Finally, we show the benefit of our method compared to the state-of-the-art in a lab study in which we compare different variants of our method with [Gebhardt et al., 2016]. It can be shown that our method positively effects the usability of quadrotor camera tools and improves the visual quality of video shots for experts and non-experts. Both benefit from using an optimized timing initially, fine-tuning it according to their intention. In addition, the user study revealed that timing control does not need to be precise but is rather used to control camera velocity in order to create a certain compositional effect.

2. Related Work

Camera Control in Virtual Environments:

Camera placement [Lino and Christie, 2012], path planning [Yeh et al., 2011; Li and Cheng, 2008] and automated cinematography [Lino et al., 2011] have been studied extensively in virtual environments (VE), for a survey see [Christie et al., 2008]. These works share our goal of assisting users in the creation of camera motion (e.g., [Drucker and Zeltzer, 1994; Lino and Christie, 2015]). Nevertheless, it is important to consider that VEs are not limited by real-world physics and robot constraints, hence may yield trajectories that can not be flown by a quadrotor.

Character Animation:

In character animation, a variety of methods exist which are capable of trading-off positional and temporal reference fit to optimize for smoother character motion. In [Liu et al., 2006], the authors specify constraints in warped time and then optimize the mapping between warped and actual time according to their objective function. For an original motion, [McCann et al., 2006] find the convex hull of all physically valid motions attainable via re-timing.
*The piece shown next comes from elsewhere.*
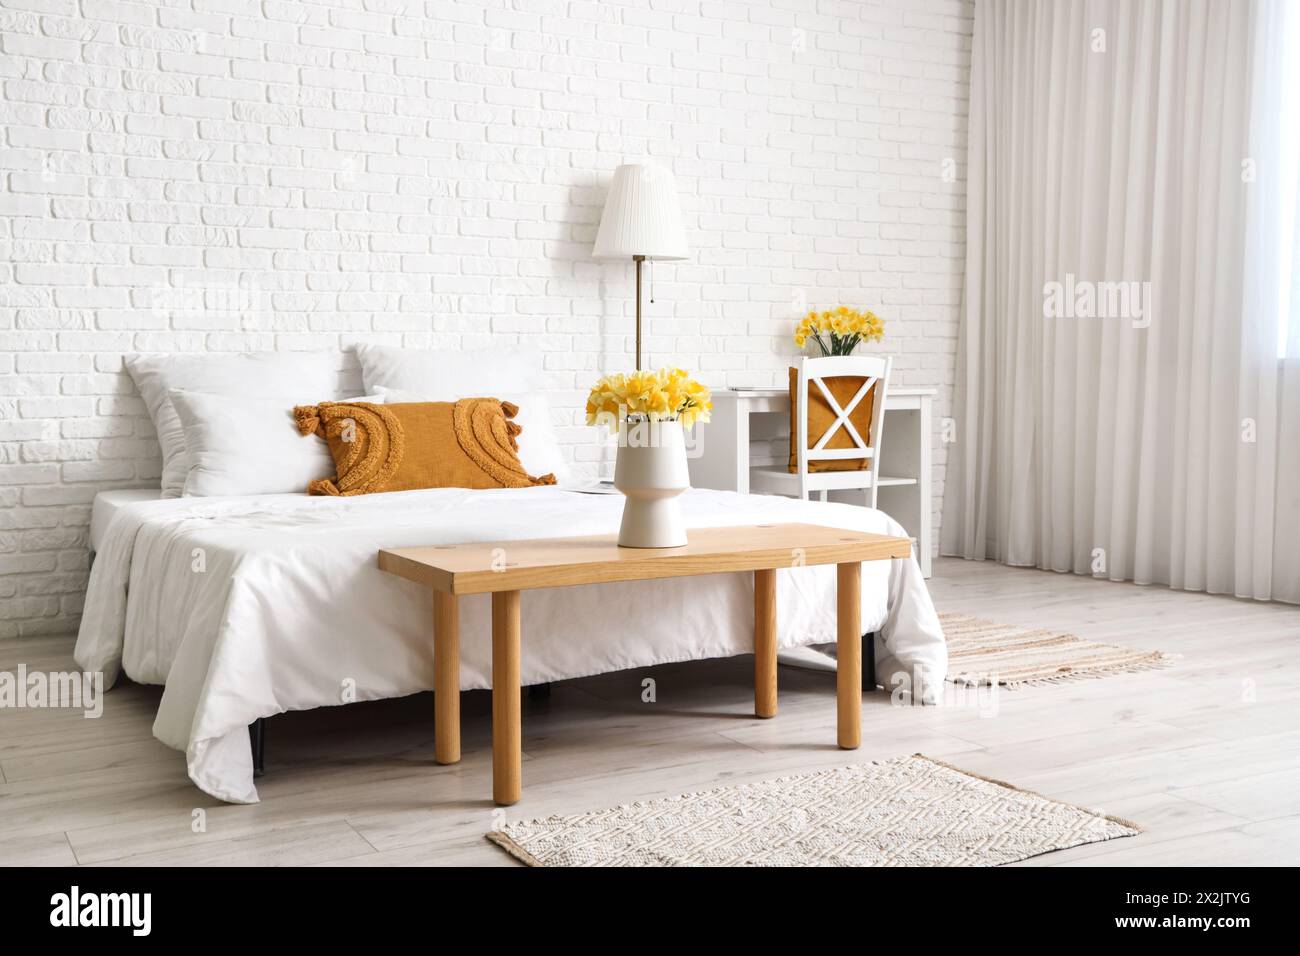 Vase with yellow narcissus flowers on bench near bed in white bedroom Stock Photo

Plausible new motions are then found by performing gradient descent and penalizing distance between possible solutions and the feasible hull. Like [Liu et al., 2006], our formulation is based on a time-free parameterization of a reference path. In contrast to the character animation methods, we adjust timings by optimizing the progress of the quadrotor camera on the reference according to a objective favoring smoothness. Unlike [McCann et al., 2006] our formulation does not require nested optimization.

Trajectory Generation:

Trajectory generation for dynamical systems is a well studied problem in computer graphics [Geijtenbeek and Pronost, 2012] and robotics [Betts, 2009]. Approaches that encode the system dynamics as equality constraints to solve for the control inputs along a motion trajectory are referred to as spacetime constraints in graphics [Witkin and Kass, 1988] and direct collocation in robotics [Betts, 2009]. Used out-of-the box such approaches can lead to slow convergence time especially with long time horizons (cf. [Roberts and Hanrahan, 2016]).

With the commoditization of quadrotors, the generation of drone trajectories shifted into the focus of research. Exploiting the differential flatness of quadrotors in the output space, [Mellinger and Kumar, 2011] generated physically feasible minimal snap trajectories. Several methods exist for the generation of trajectories for aggressive quadrotor flight [Mellinger et al., 2012; Bry et al., 2015]. Traditionally, these methods convert a sequence of input positions into a time-dependent reference and based on a dynamical model generate a trajectory which follows this reference. For [Mellinger and Kumar, 2011; Bry et al., 2015], time optimization is done in a cascaded manner where an approximated gradient descent for keyframe timings is calculated based on the original optimization problem. These formulations suffer from very long runtimes as the original problem needs to be called once for each keyframe to calculate the gradient approximation. In contrast, our method optimizes keyframe timings and trajectory jointly reducing optimization runtime and allowing to trade-off temporal and positional fit. In [Mellinger et al., 2012], sequentially composed controllers are used to optimize the timing of a trajectory such that physical limits are not violated given desired feed-forward terms. Our work does not only ensure physical feasibility but is also capable of generating trajectories with different dynamics (smooth and more aggressive) for the same spatial input.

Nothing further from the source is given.